Thank a lot for your kind comment ! I don't even expected that way of using my track ! That's nice to know


----------



## HungryGuitarStudent (Aug 14, 2019)

KnightBrolaire said:


> This whole thread reeks of desperation from people that think YT might be a viable income source at some point (it won't ). Maybe jump on Mixer or Twitch or FB and try to get some views, over there, I know some guitarists have had luck with that.
> My sister started a niche yt channel and it took her literally years to make any money. If anyone is making YT vids as anything more than a hobby at this point they're going to be sorely disappointed. Even big gaming channels struggle with keeping YT viable anymore, and those were the cash cows for years.
> The vids on my channel that have the most views are my demos of a cheap, relatively obscure pickup (warman destroyer) followed by my bkp ragnarok demo. I only uploaded my demo vids to YT because I thought they might be slightly useful to people outside of SSO.



I agree that YT and even Twitch-fcbk (and soon Mixer) are saturated and that the odds of success don't justify the time investment, for me anyhow. That being said, that assumes people define success via money generated, which I doubt is the case with some here, who simply want to be heard.

In my case, I have limited time to practice or write music. I have a full time job as a researcher and coach an olympic boxing team 3 nights a week. Given that these activities take time and more importantly energy, I have chosen to put all my eggs in the "practice + write" basket and not devote time on social media other than the occasional post. If I ever get good enough and write good enough music, then I'll consider that this could be a second career, until then, my mindset is that I'm a hobbyist grinding at the craft to maybe one day reach success.

If I were an aspiring musician ready to "make it big now", then I'd probably look at the path that recent successful social media musicians took to build their following (if such people even exist), rather than look at the blueprint of people who were building their social media 11 years ago (Ola Englund, etc.).


----------



## grigou (Aug 14, 2019)

HungryGuitarStudent said:


> I'd probably look at the path that recent successful social media musicians took to build their following (if such people even exist), rather than look at people who were building their social media 11 years ago (Ola Englund, etc.).



That's a really clever advice and I think you're 100% right.
It's always more easy to grow when there's almost no competition, but now, YouTube is a beast.

Nevertheless, I think it's possible to grow and succeed and YouTube even today. The personal branding is one key for that. People want
authenticity.


----------



## HungryGuitarStudent (Aug 14, 2019)

grigou said:


> Nevertheless, I think it's possible to grow and succeed and YouTube even today. The personal branding is one key for that. People want authenticity.

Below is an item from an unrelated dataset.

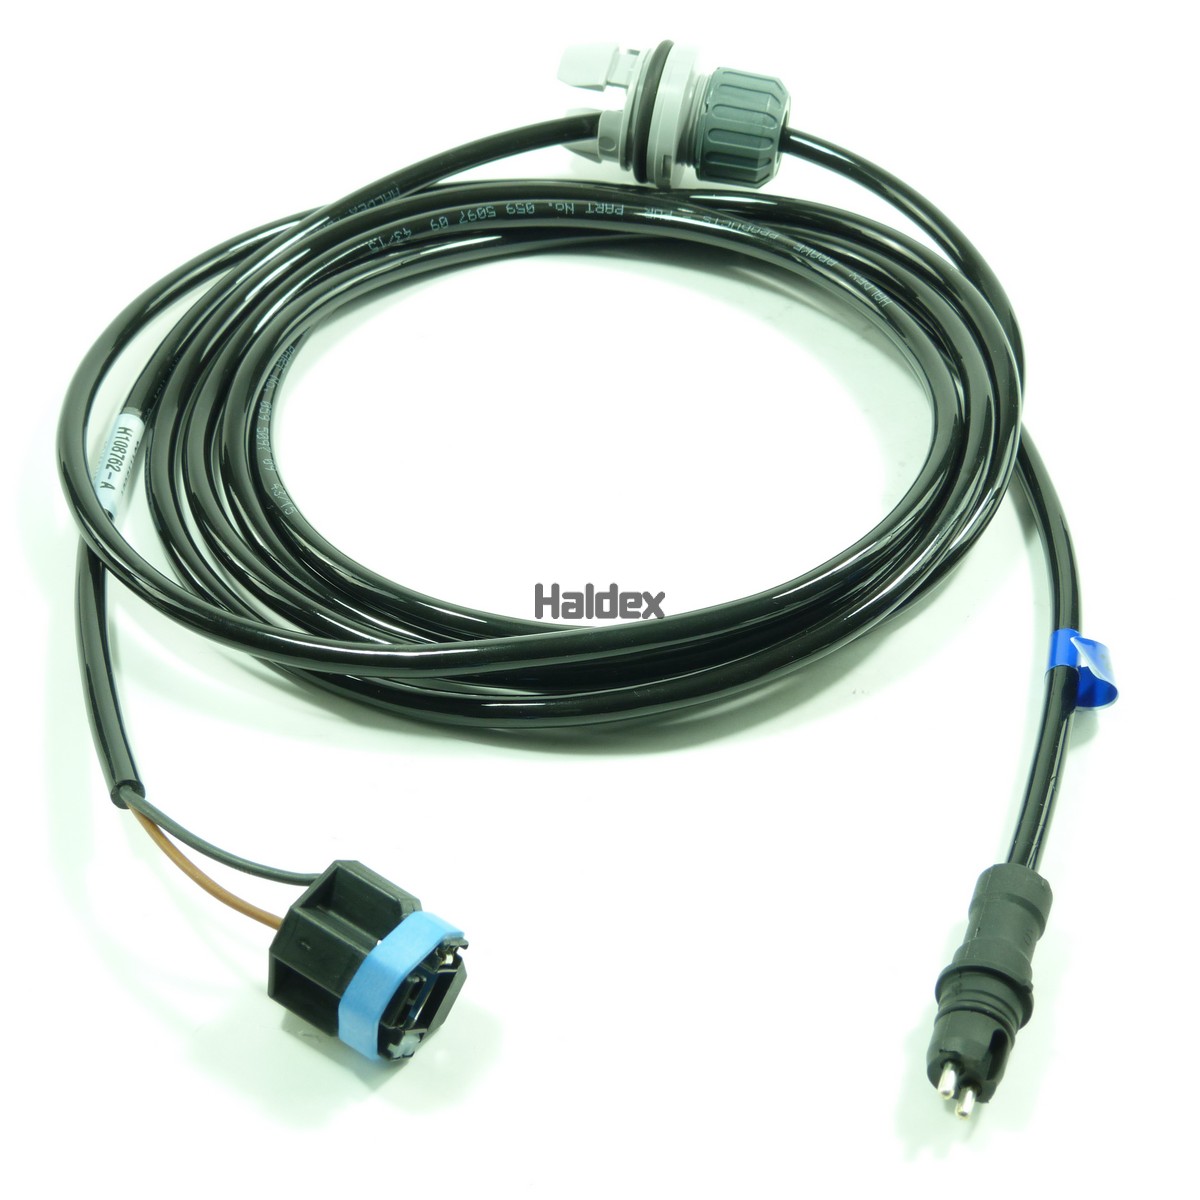 Niedax 065707  Universal-Bügelschelle für 1 Kabel Ø 40-46 mm
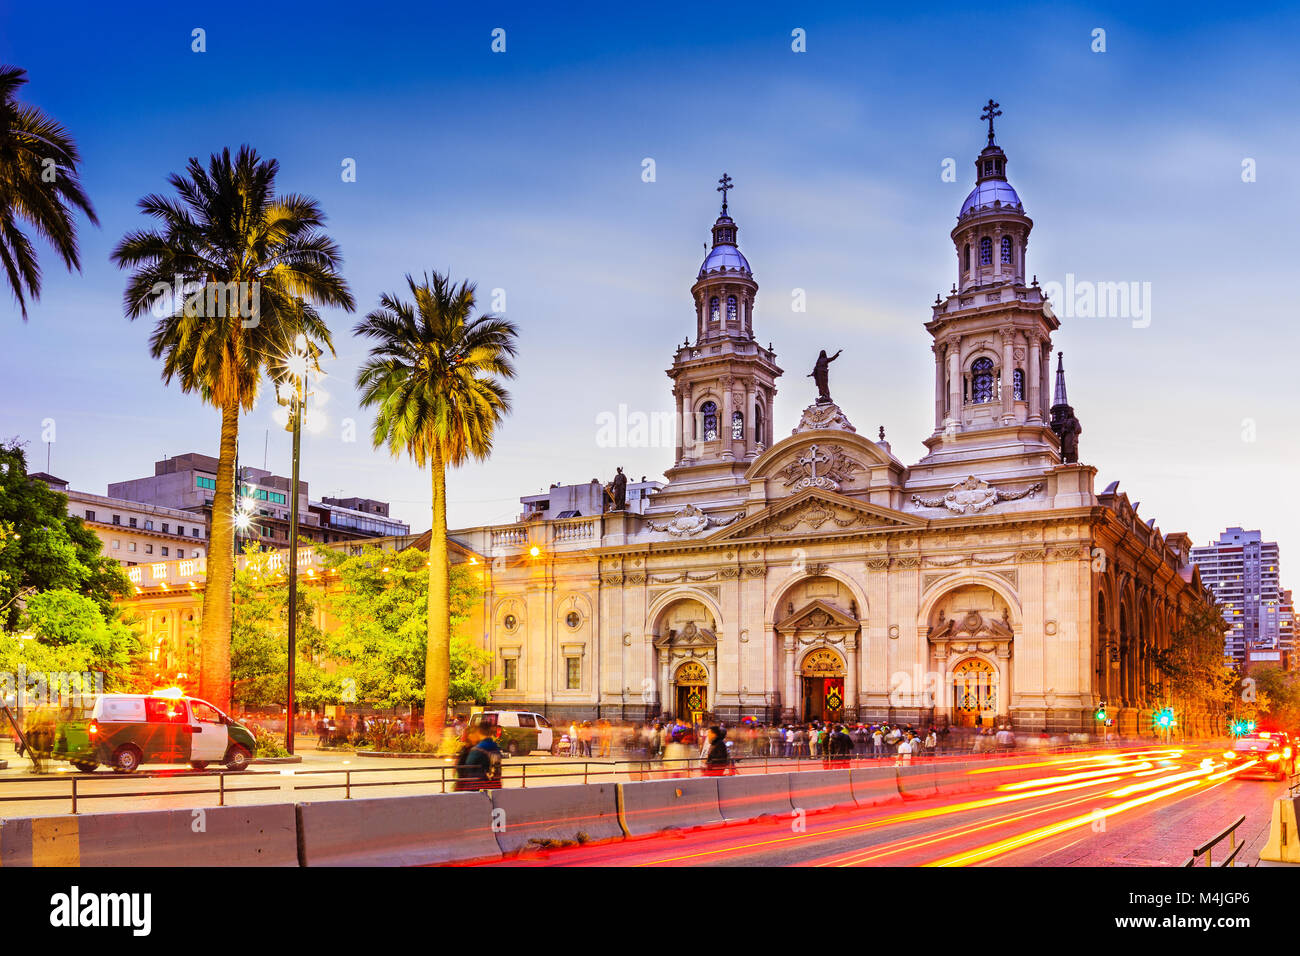 Plaza de Armas in Santiago de Cile, Cile Foto Stock

I agree that it's possible, but the probability of being successful vs the time put into the YT endeavor are what stop me. Hey, maybe I'll change my mind one day if I figure out a way to not make it so time consuming.

Authenticity is key, for sure. There's nothing worst than a guy trying to be the next Jared Dines or whatnot while reading from cue-card or making cringy jokes.

On another topic, what do you guys use to film your videos ?


----------



## grigou (Aug 14, 2019)

HungryGuitarStudent said:


> but the probability of being successful vs the time put into the YT endeavor are what stop me.



Yeah I understand that. The amount of work is oftenly huge for small results.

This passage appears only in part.